Thoughts about Ruby, Rails, RubyMotion, iOS, and business growth.

SGI & Big Data

SGISGI’s logo from the 1990s. Silicon Graphics International Corporation (SGI) computers rendered the special effects for the original Jurassic Park movie. Computer enthusiasts coveted SGI machines throughout the 1990s.

But success in the computer industry is fleeting. A few years after Jurassic Park, a convergence of tech advances (Moore’s Law, x86 architecture, and Linux) made it possible for commodity PCs to perform as well as SGI’s premium workstations. Wall Street traders and other power users abandoned workstations in favor of Linux-based PCs. High-end makers like SGI fell on hard times.

Today, SGI is fighting back. The company is blending x86, Linux, and (buzzword alert) big data to attack the high performance computing market. The vision was presented at this month’s Chicago ACM meeting by Brian Freed, VP of Strategy for SGI.

What is Big Data?

Freed shared a definition of big data from Edd Dumbill’s O’Reilly Radar article. Big data is characterized by volume (lots of it), variety (it’s unstructured), and velocity (the data changes quickly).

In the words of the O’Reilly author…

Big data is data that exceeds the processing capacity of conventional database systems. The data is too big, moves too fast, or doesn’t fit the strictures of your database architectures. To gain value from this data, you must choose an alternative way to process it.

~Edd Dumbill

Definitions are fine, but it’s more important to understand why a company might care about big data. Here are a few examples that Freed shared during the ACM meeting.

Example: Fraud Detection with Big Data

Consider one challenge faced by credit card companies. When a credit card is presented for an online purchase, how does the authorizing body know if the charge is legitimate? Can legitimacy be determined in a timely fashion, before an impatient buyer abandons a slow seller for a quicker seller?

Sellers who decide too quickly will suffer fraud. Sellers who decide too slowly will lose customers. The problem is amplified because millions of shoppers are clicking the “buy now” button simultaneously, and they all expect an answer right now.
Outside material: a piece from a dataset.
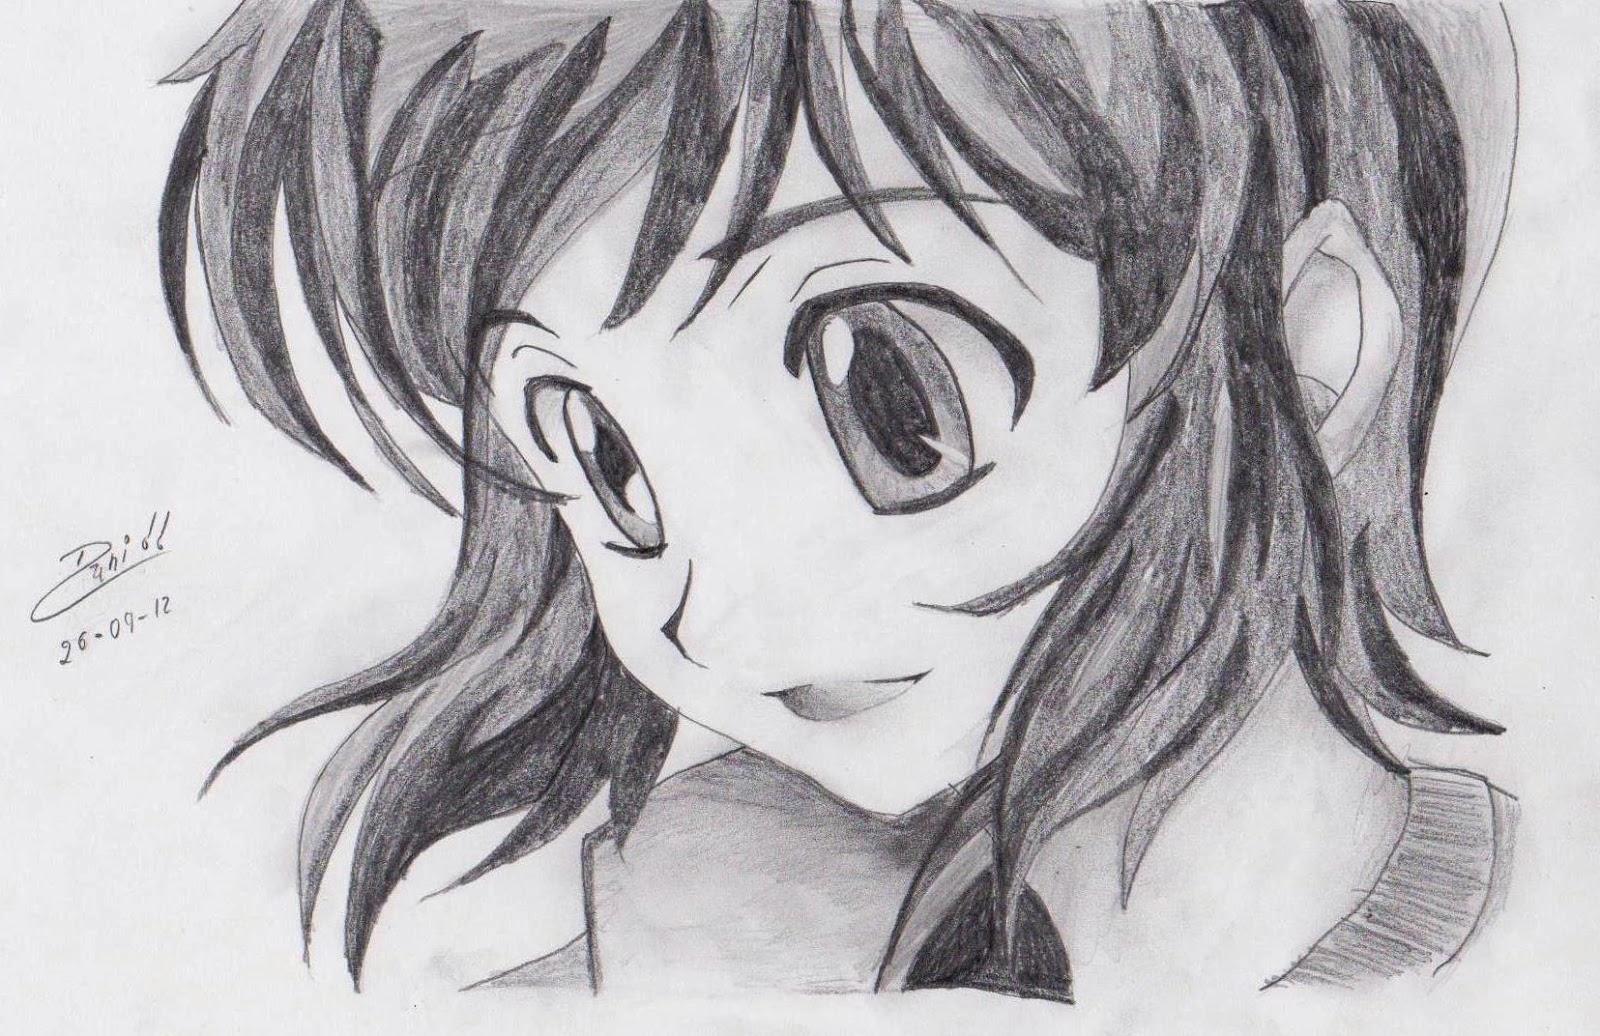 anime amor sombreados dibujos a lapiz: Dibujos De Amor: Dibujo De Amor A Lapiz

Traditional fraud detection systems could measure just a few potential fraud criteria within the allowed time window. SGI solves the problem with Hadoop clusters running on SGI hardware. This big data design is able to examine each transaction deeper, and render a yes/no decision faster. Buyers are happier because they can complete a purchase faster. Companies are happier because fraud is reduced.

Big data helps credit card companies to make better authorization decisions in less time.

Example: Auto Manufacturing

Some problems, like credit authorization, require a quick response. Other problems, like manufacturing, require the problem solver to crunch large volumes of data.

Consider an auto manufacturer. Every system in the modern automobile is controlled by software on silicon. Where software runs, data can be collected. The data piles up rapidly over time.

Manufacturers have discovered some unexpected benefits of collecting so much data. For example, they can identify trends like common failures among components, and use that data to improve future components. They can spot hidden trends, like geographic issues related to extreme cold or heat, and then design parts that are specially equipped for the target environment.

For these particular manufacturing examples, handling huge volumes of data is more important than delivering a quick answer. Insights that lead to quality improvements can be delivered in hours, and that’s fast enough for the designers. Before big data, many design decisions were driven by instinct and experience alone. Big data helps auto companies to make more informed decisions.

Pitfalls of Big Data

One big pitfall is trying to use the big data hammer for every nail in sight, whether the solution fits the problem or not. It’s the same hazard we face with any new technology. We run the risk of using a sledgehammer when a fly swatter would do.

A few ways to avoid the pitfalls: Start small. Have goals. And, like any good agile software developer, iterate. In Freed’s words…

Successful implementation of big data is not an event. It is an iterative process where we continuously learn over time.

About Chicago ACM

The Chicago Chapter of the Association for Computing Machinery (Chicago ACM) is on fire. December’s meeting featured a supercomputing presentation by Sharan Kalwani of Fermilab. The February meeting was all about SGI’s push into big data, and next month will focus on the Internet of Things (IoT). The organizers are assembling an exciting combination of events. Looking forward to more!